> TASK TO CARRY OUT
Omit the pictures. Transcribe exactly the lines below, from the one with "Hurley Phantom 4.0 Cap" up to and including the last.

**** MATERIAL SHOWN ****

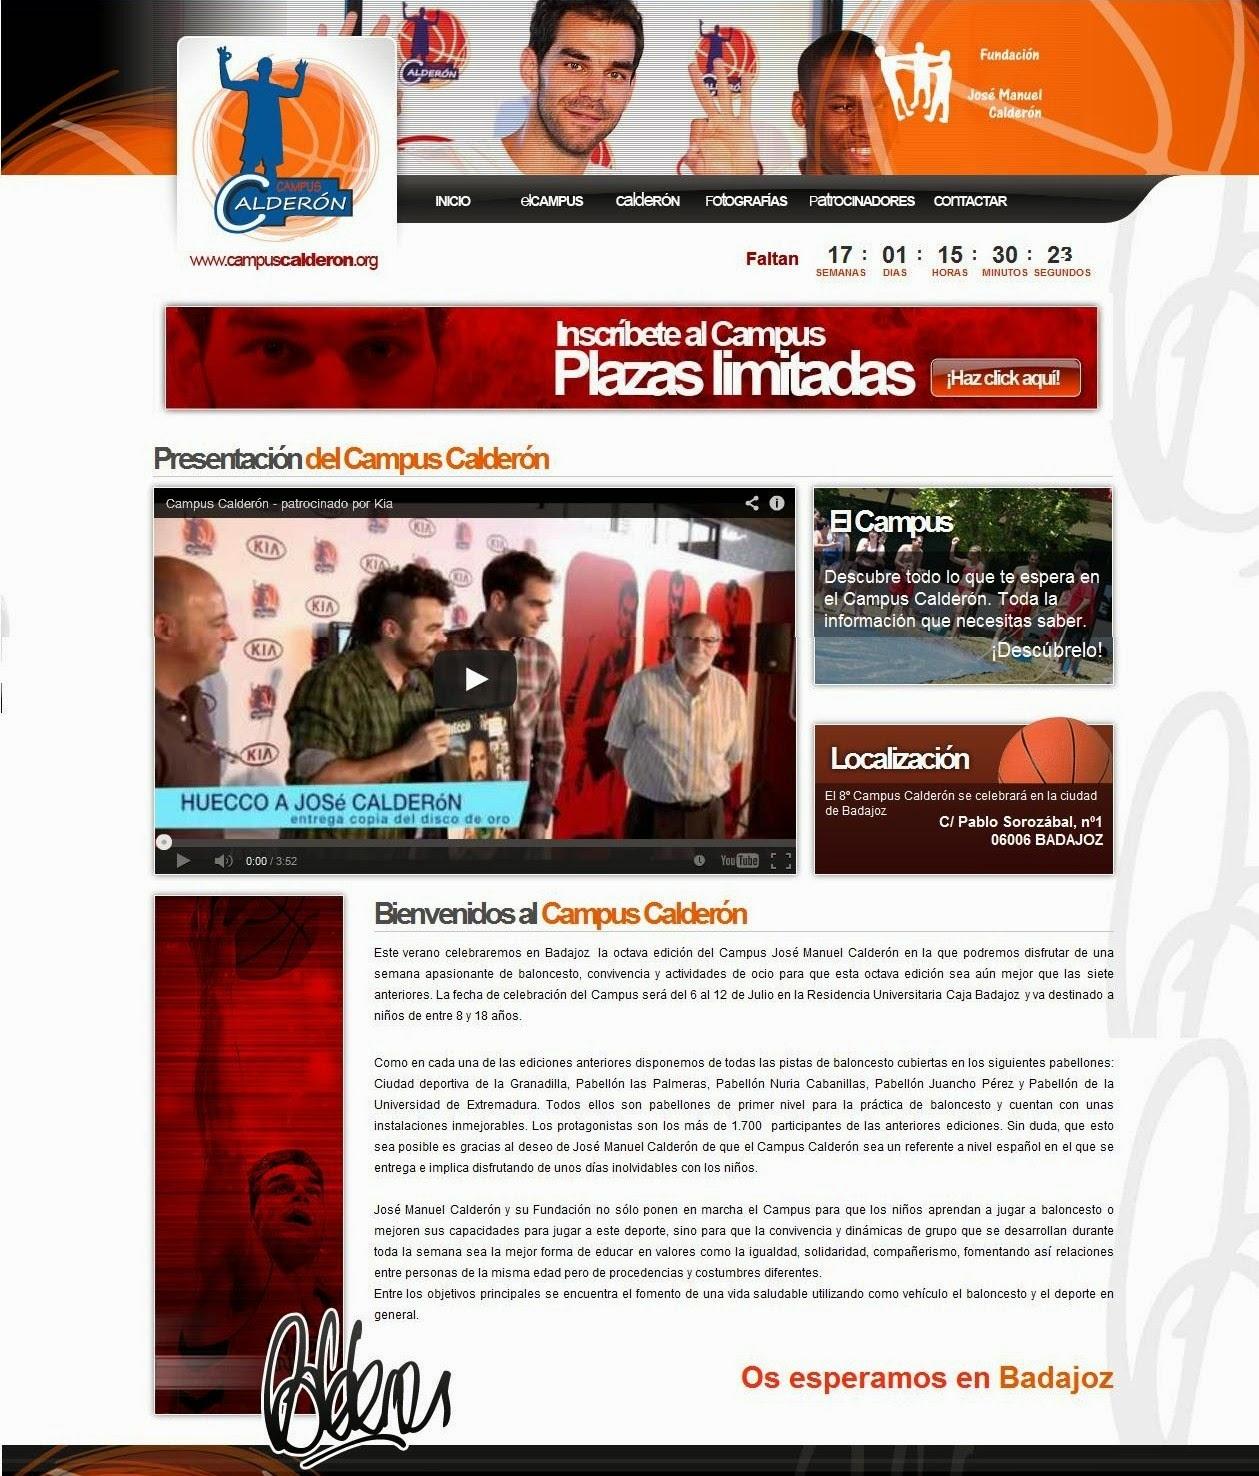 http://www.campuscalderon.org/
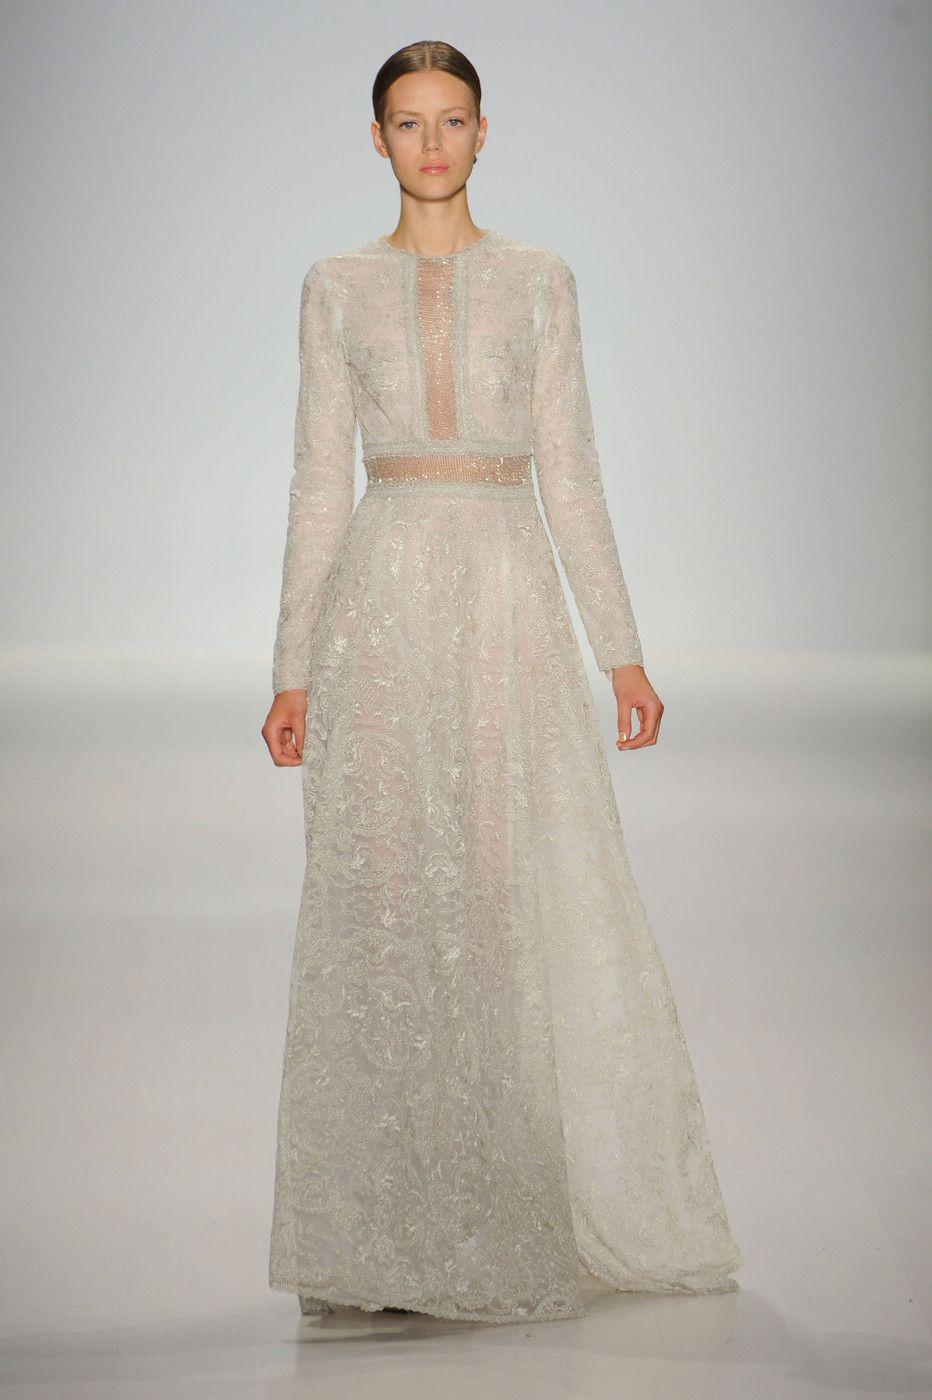 Tadashi shoji spring runway pictures beautiful wedding and
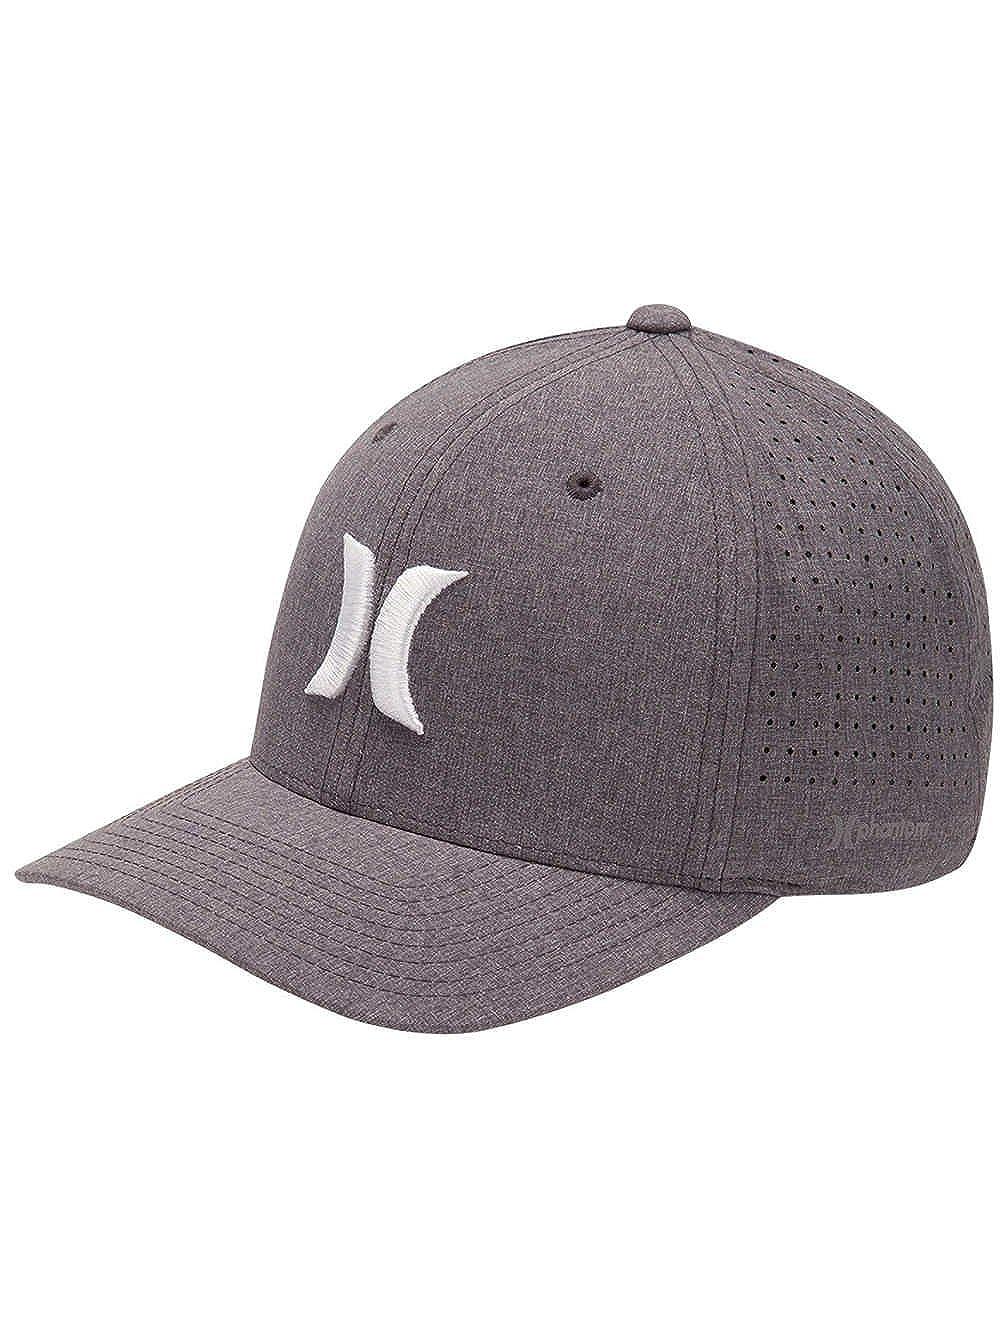 Hurley Phantom 4.0 Cap
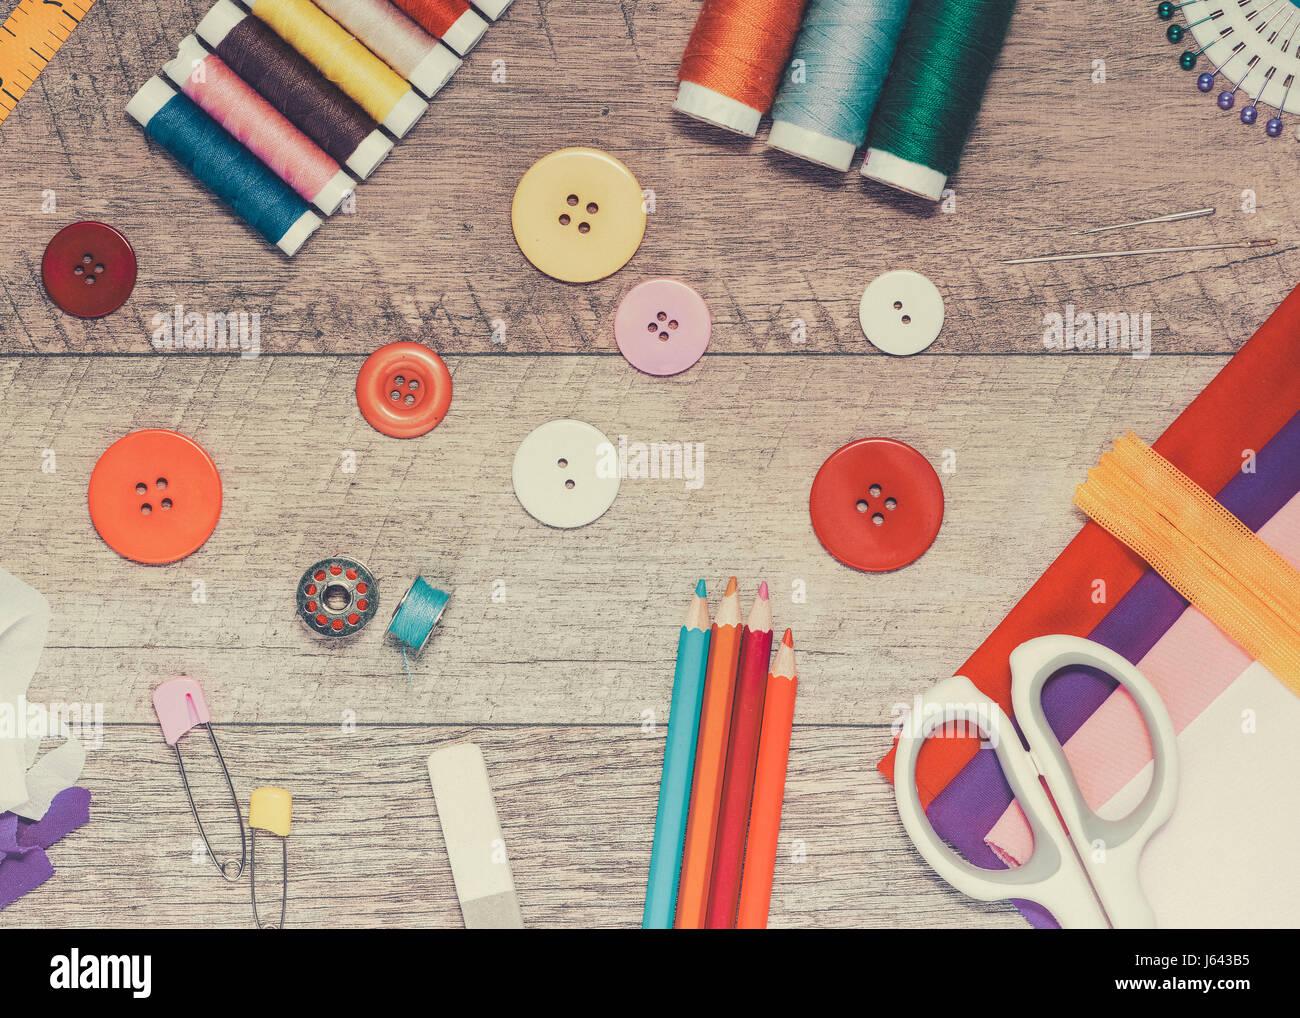 Workplace Of Fashion Designer Studio With Equipment Stock Photo Alamy
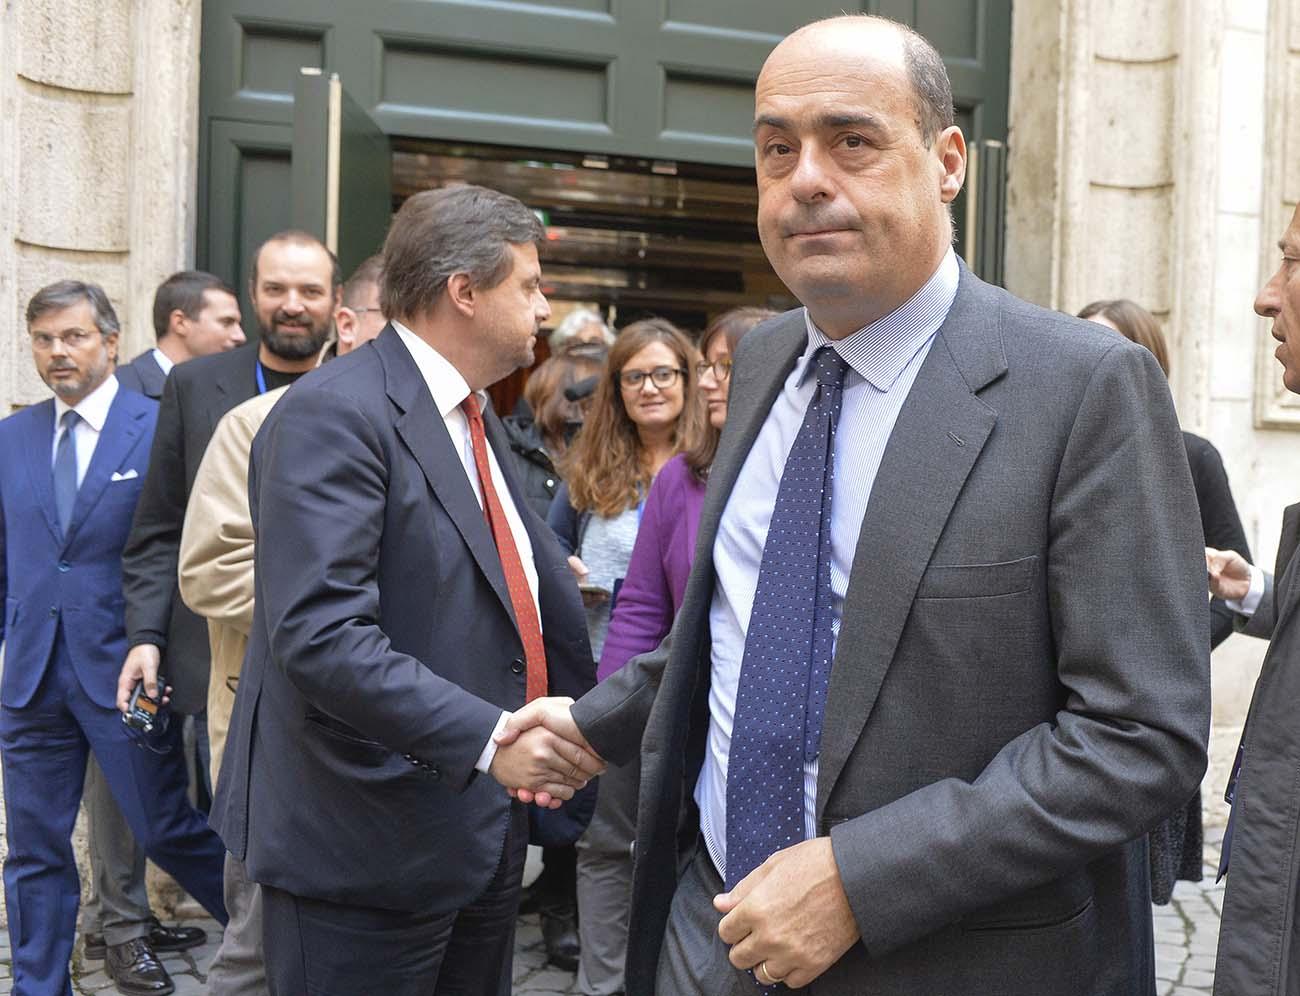 Carlo Calenda, Nicola Zingaretti
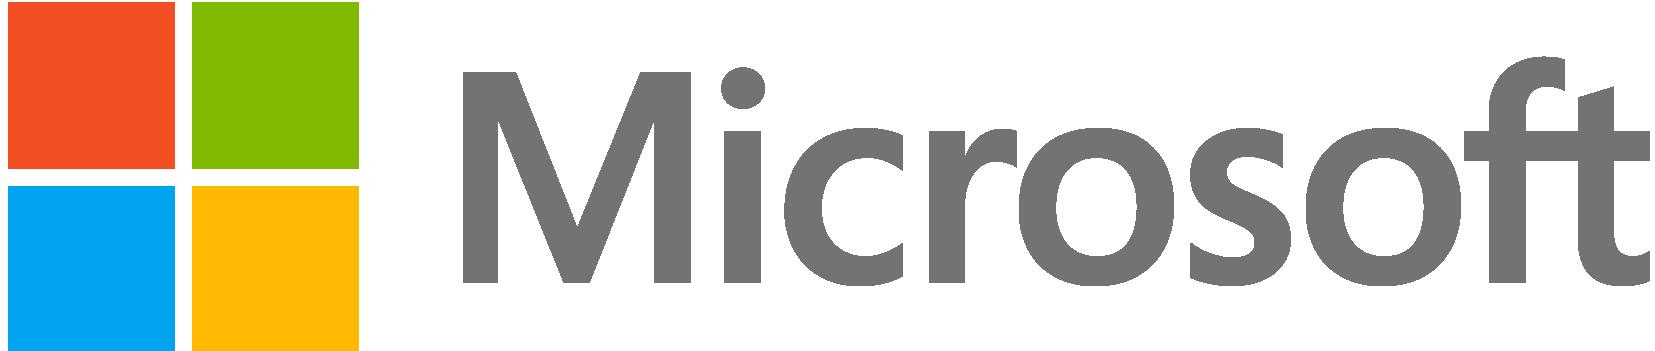 Microsoft - ICCP 2015 Silver Level Sponsor

****

> SOLUTION TO THE EXERCISE
 Hurley Phantom 4.0 Cap
 Workplace Of Fashion Designer Studio With Equipment Stock Photo Alamy
 Carlo Calenda, Nicola Zingaretti
 Microsoft - ICCP 2015 Silver Level Sponsor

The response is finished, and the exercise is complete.